DATA EXTRACT:
___

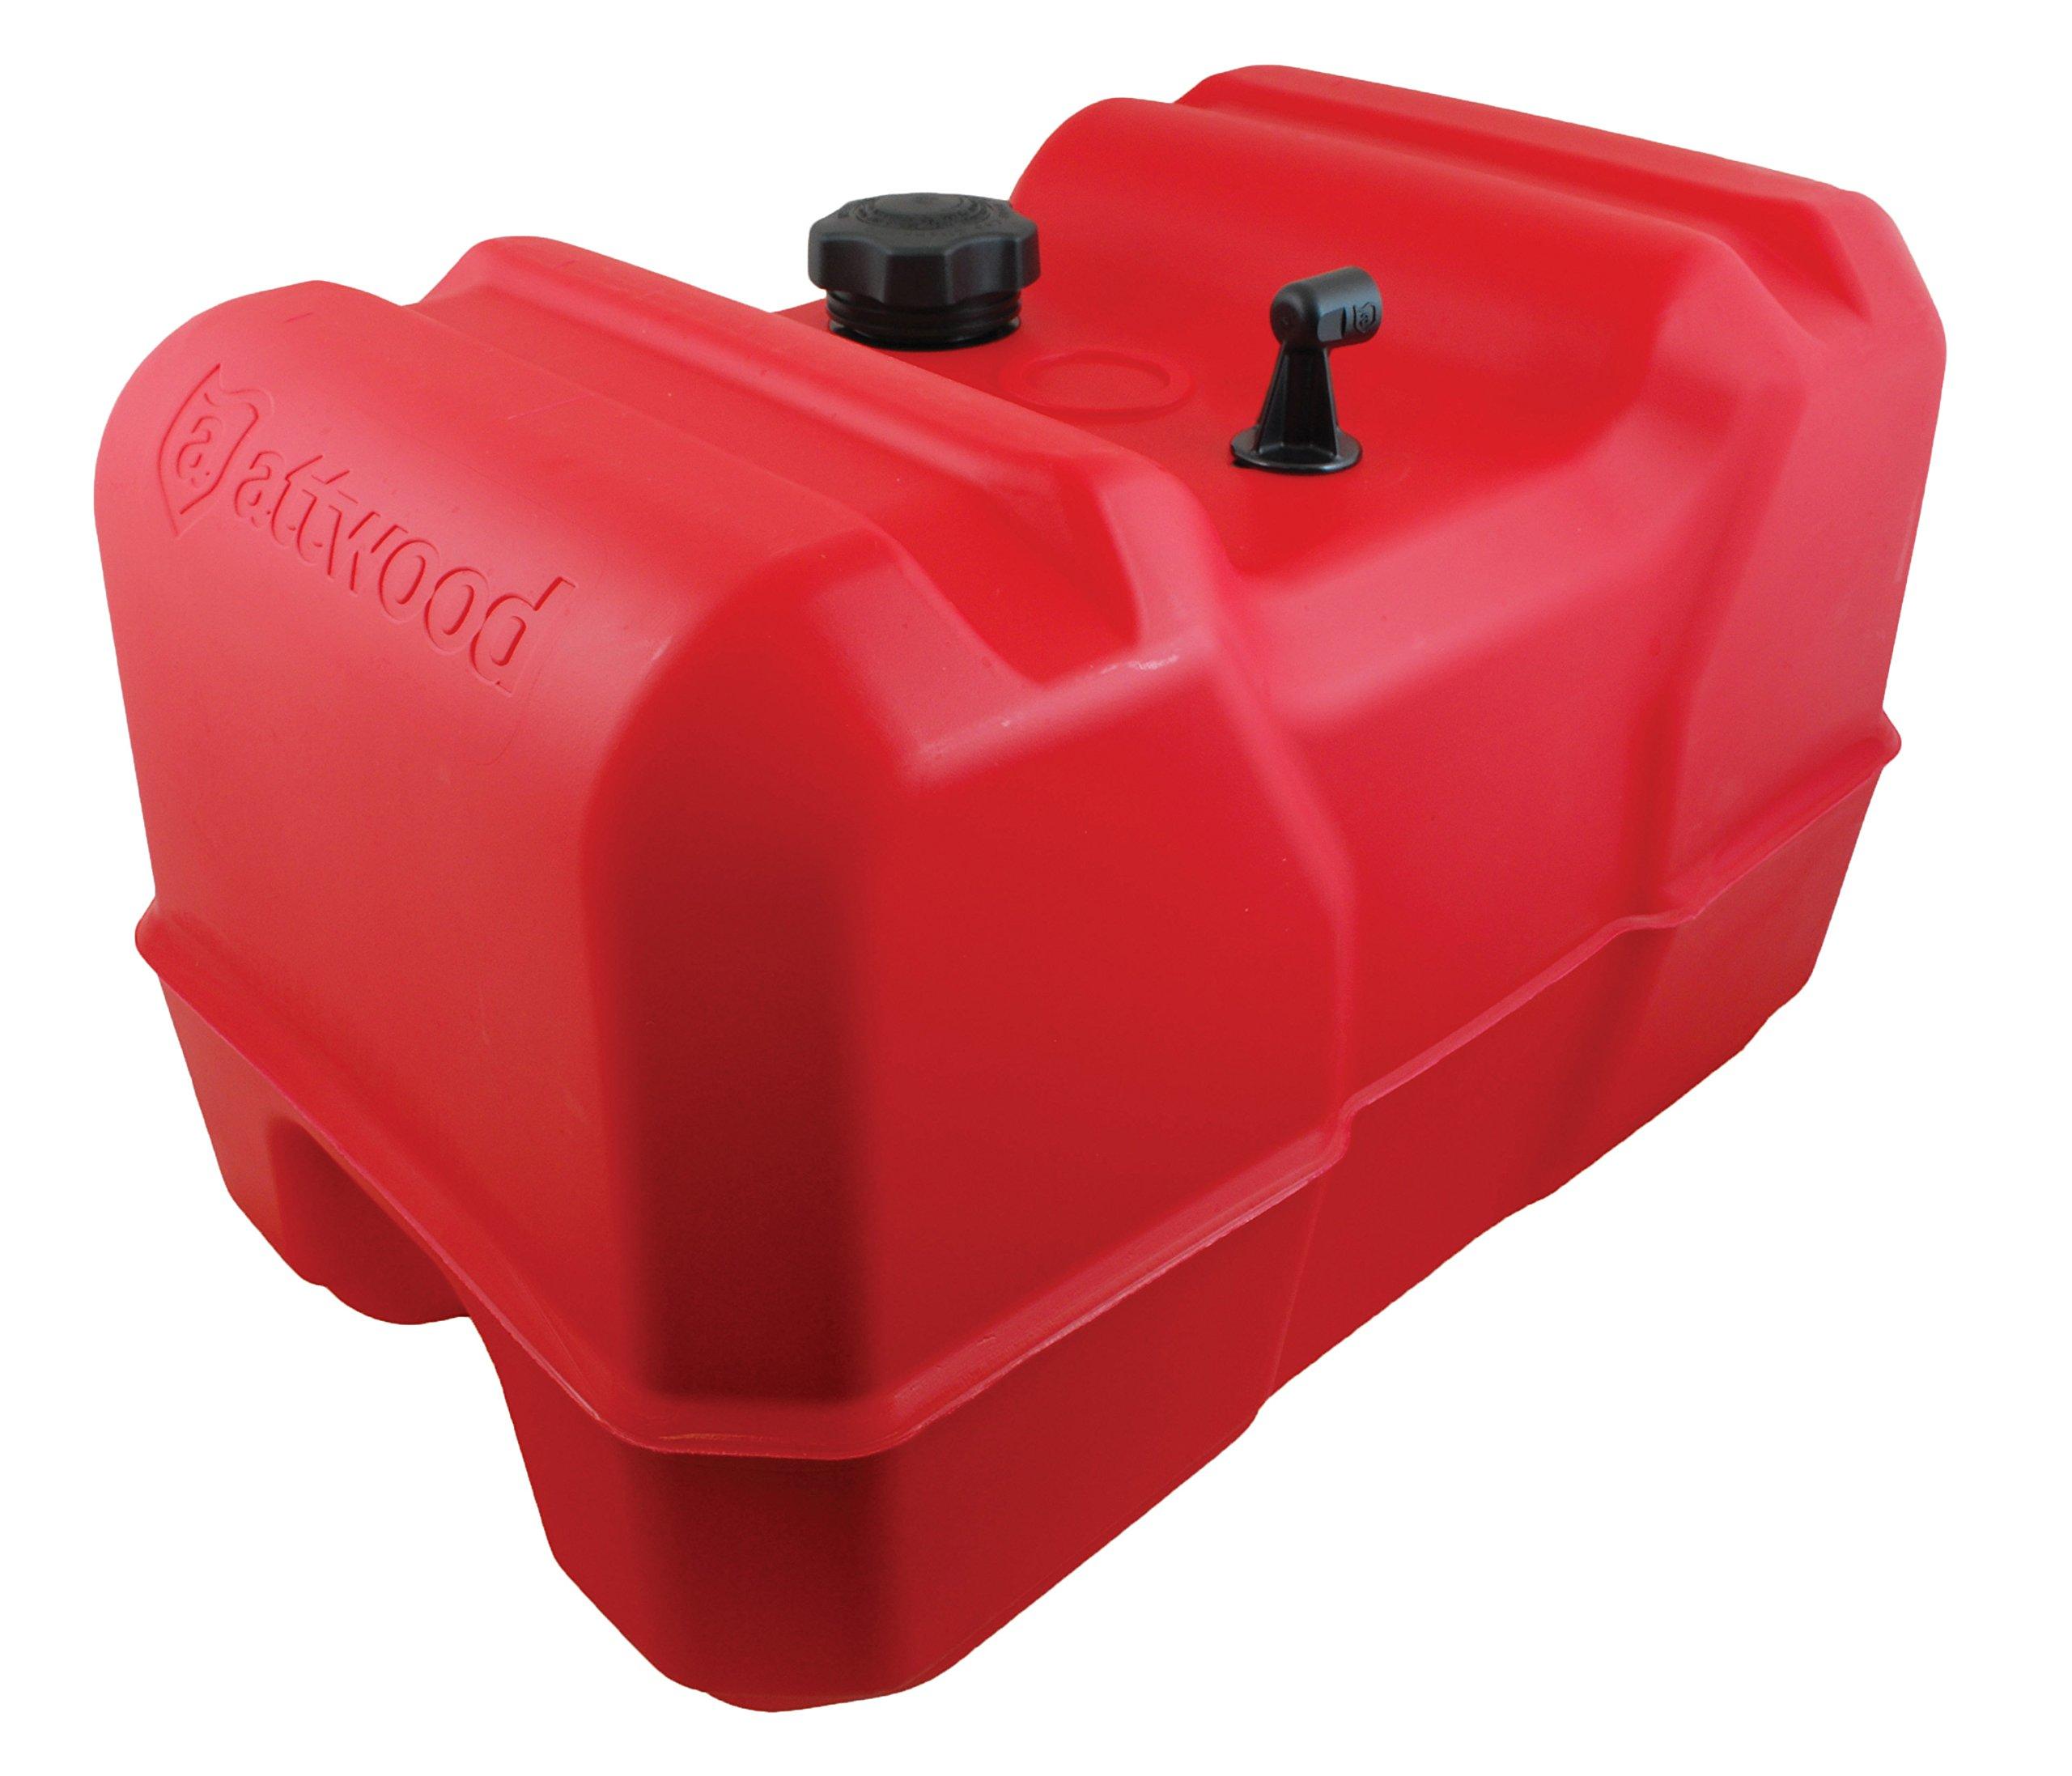 attwood 8812LP2 Epa Certified Portable Fuel Tank 12 gallon
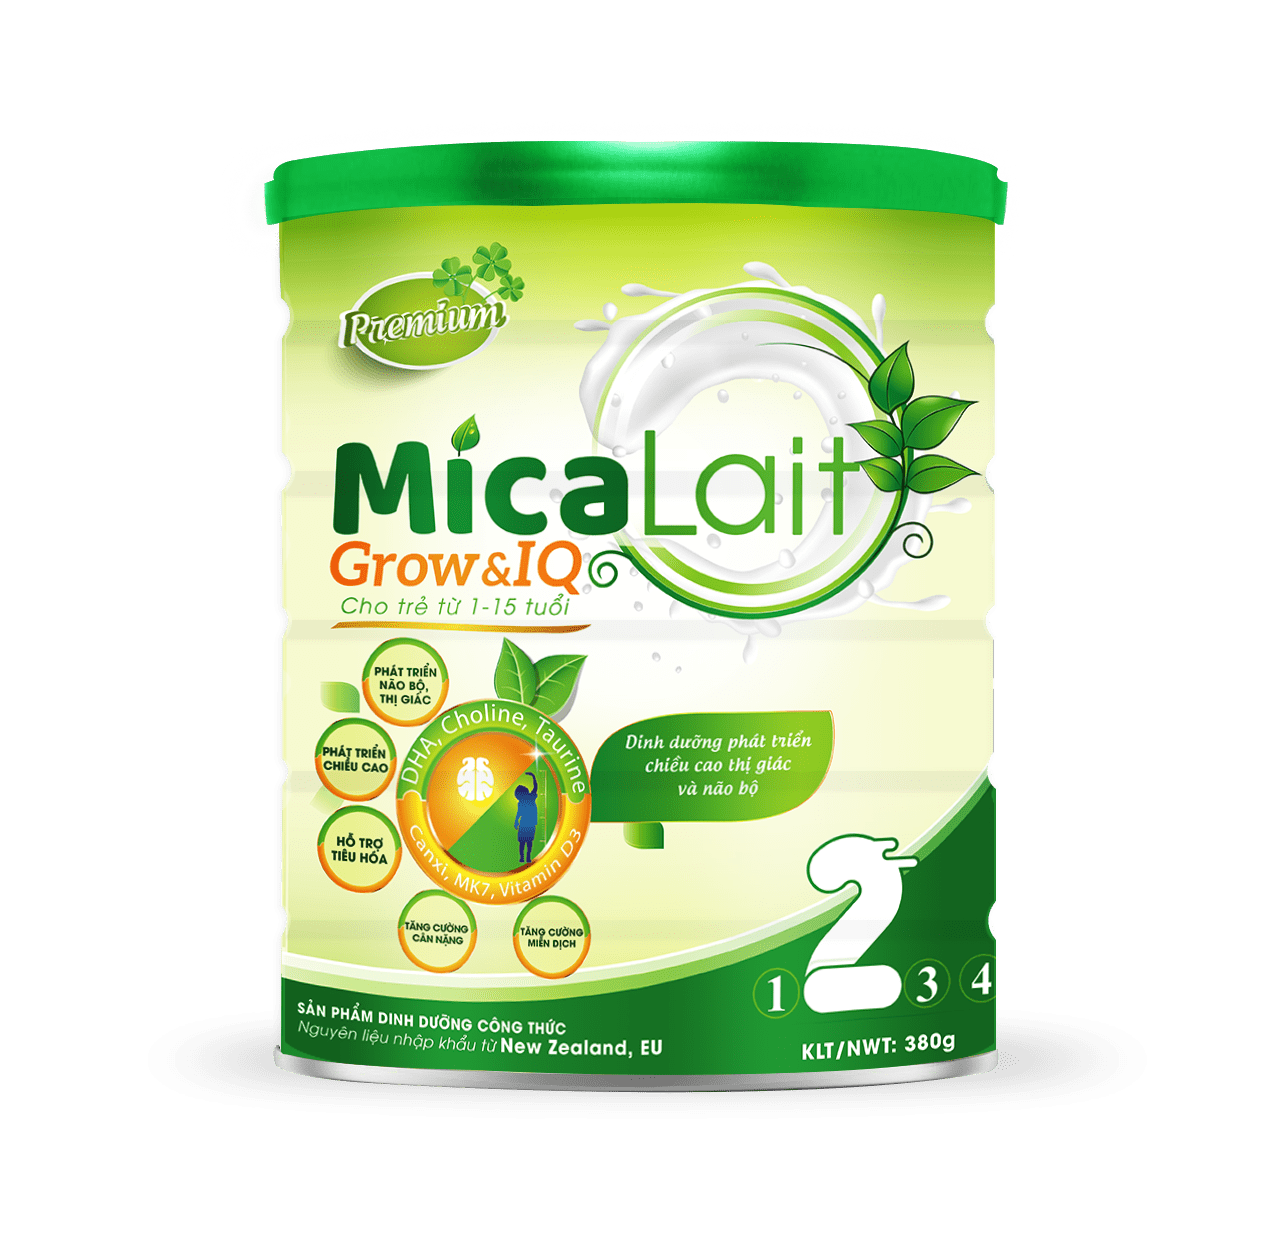 Sữa Micalait Grow & IQ
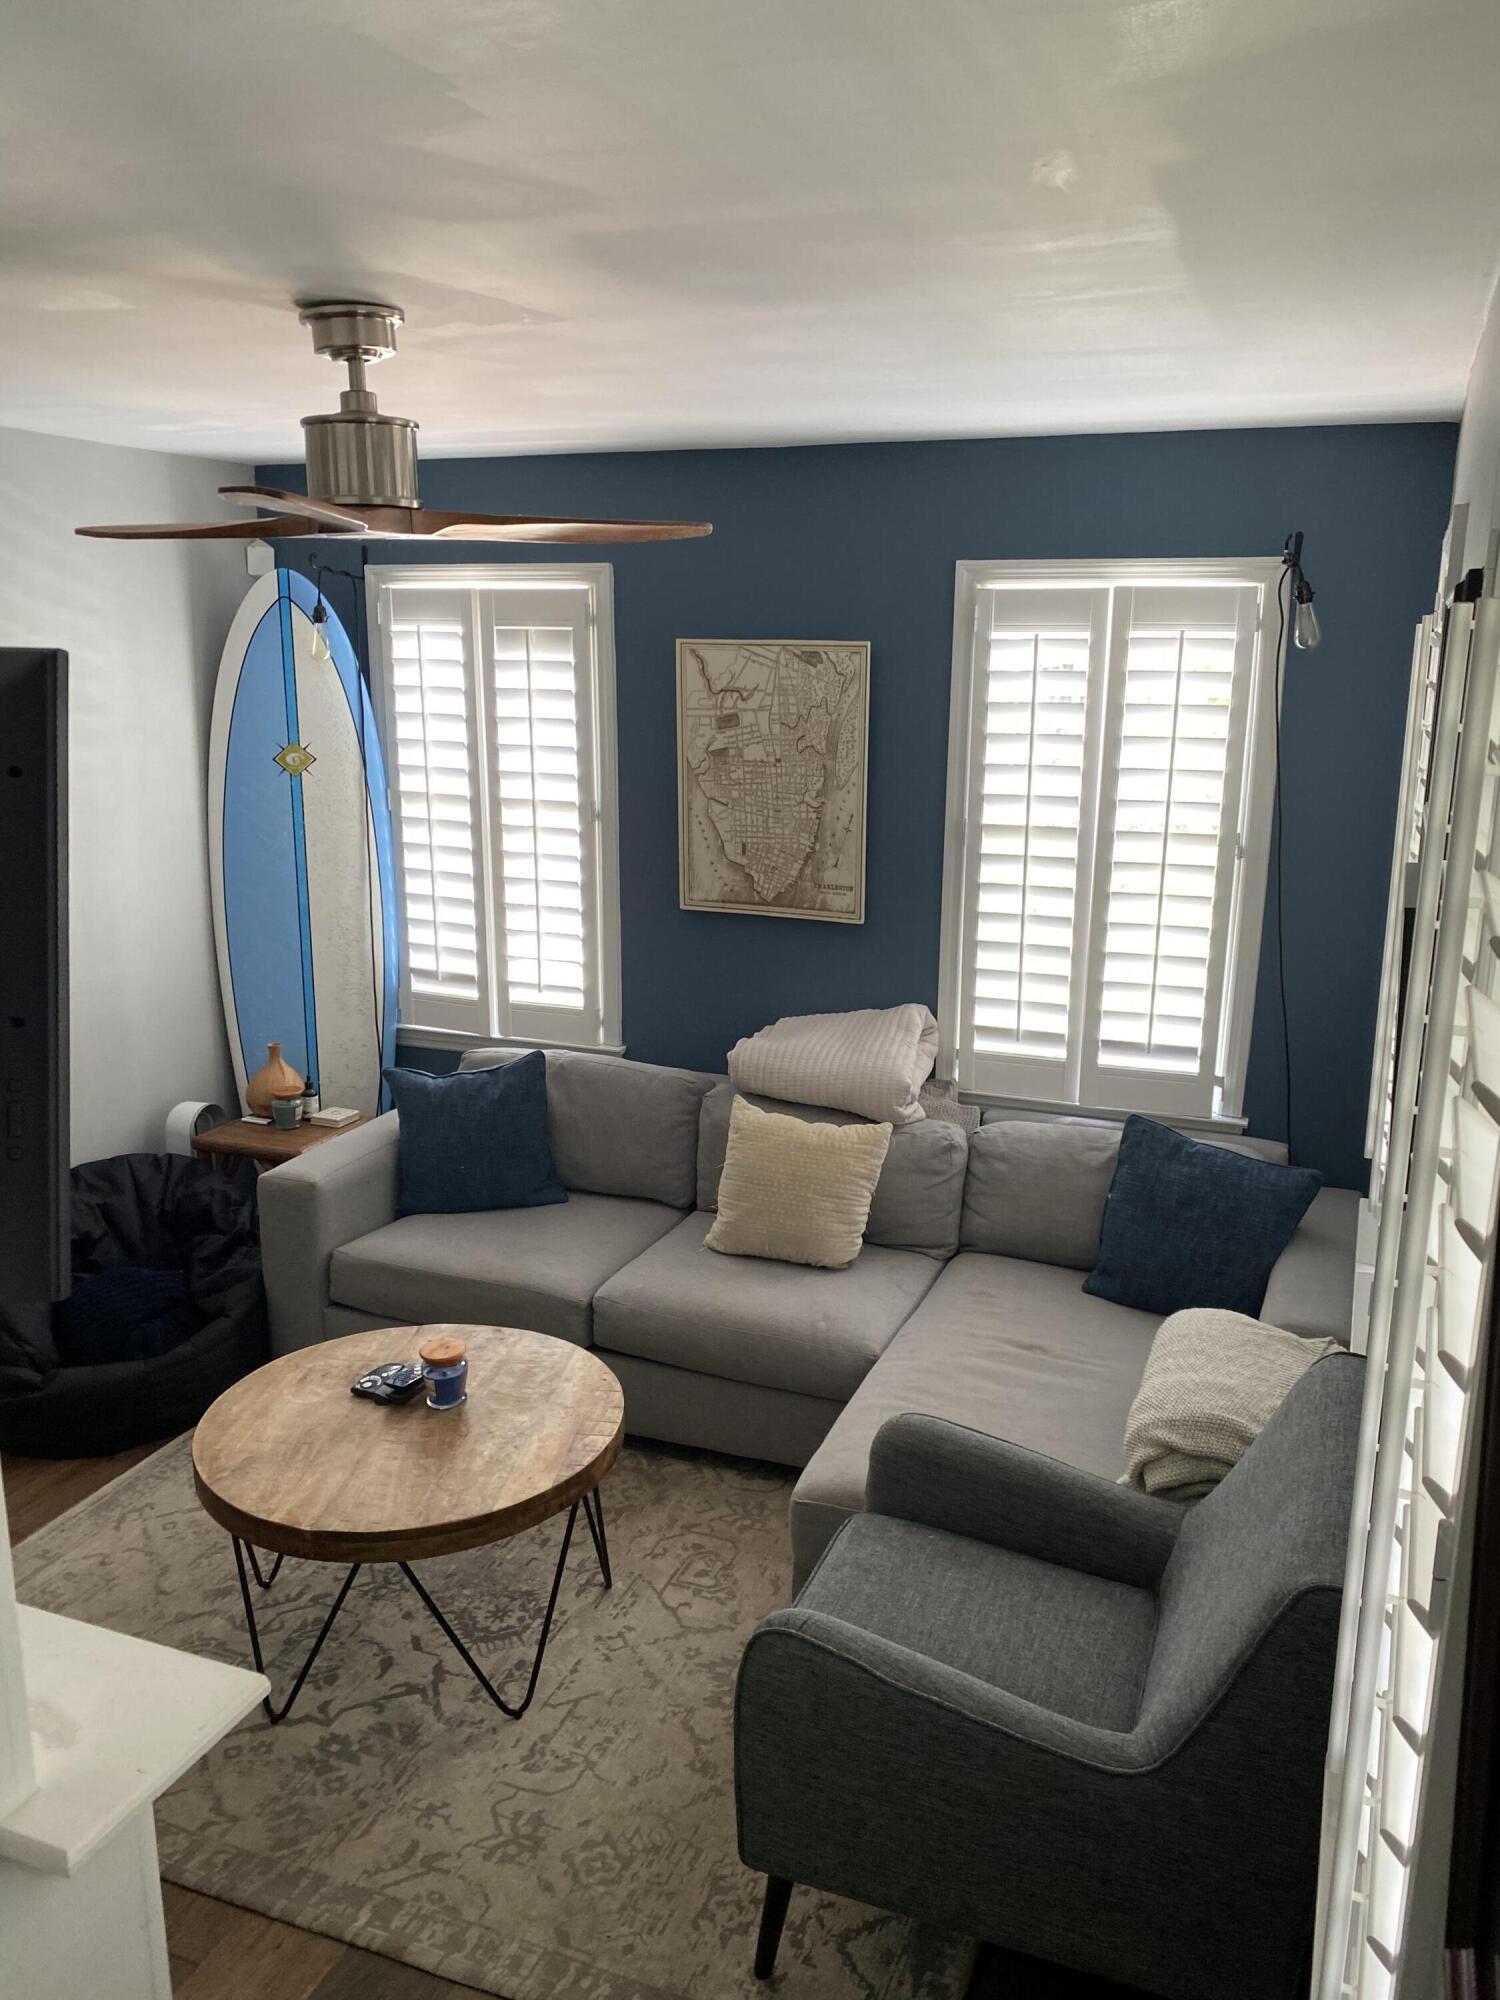 Radcliffeborough Homes For Sale - 1 Desportes, Charleston, SC - 3

___

EXERCISE BRIEF: Your copy of the material above should be exact and free of pictures.

RESPONSE BELOW:
 attwood 8812LP2 Epa Certified Portable Fuel Tank 12 gallon
 Sữa Micalait Grow & IQ
 Radcliffeborough Homes For Sale - 1 Desportes, Charleston, SC - 3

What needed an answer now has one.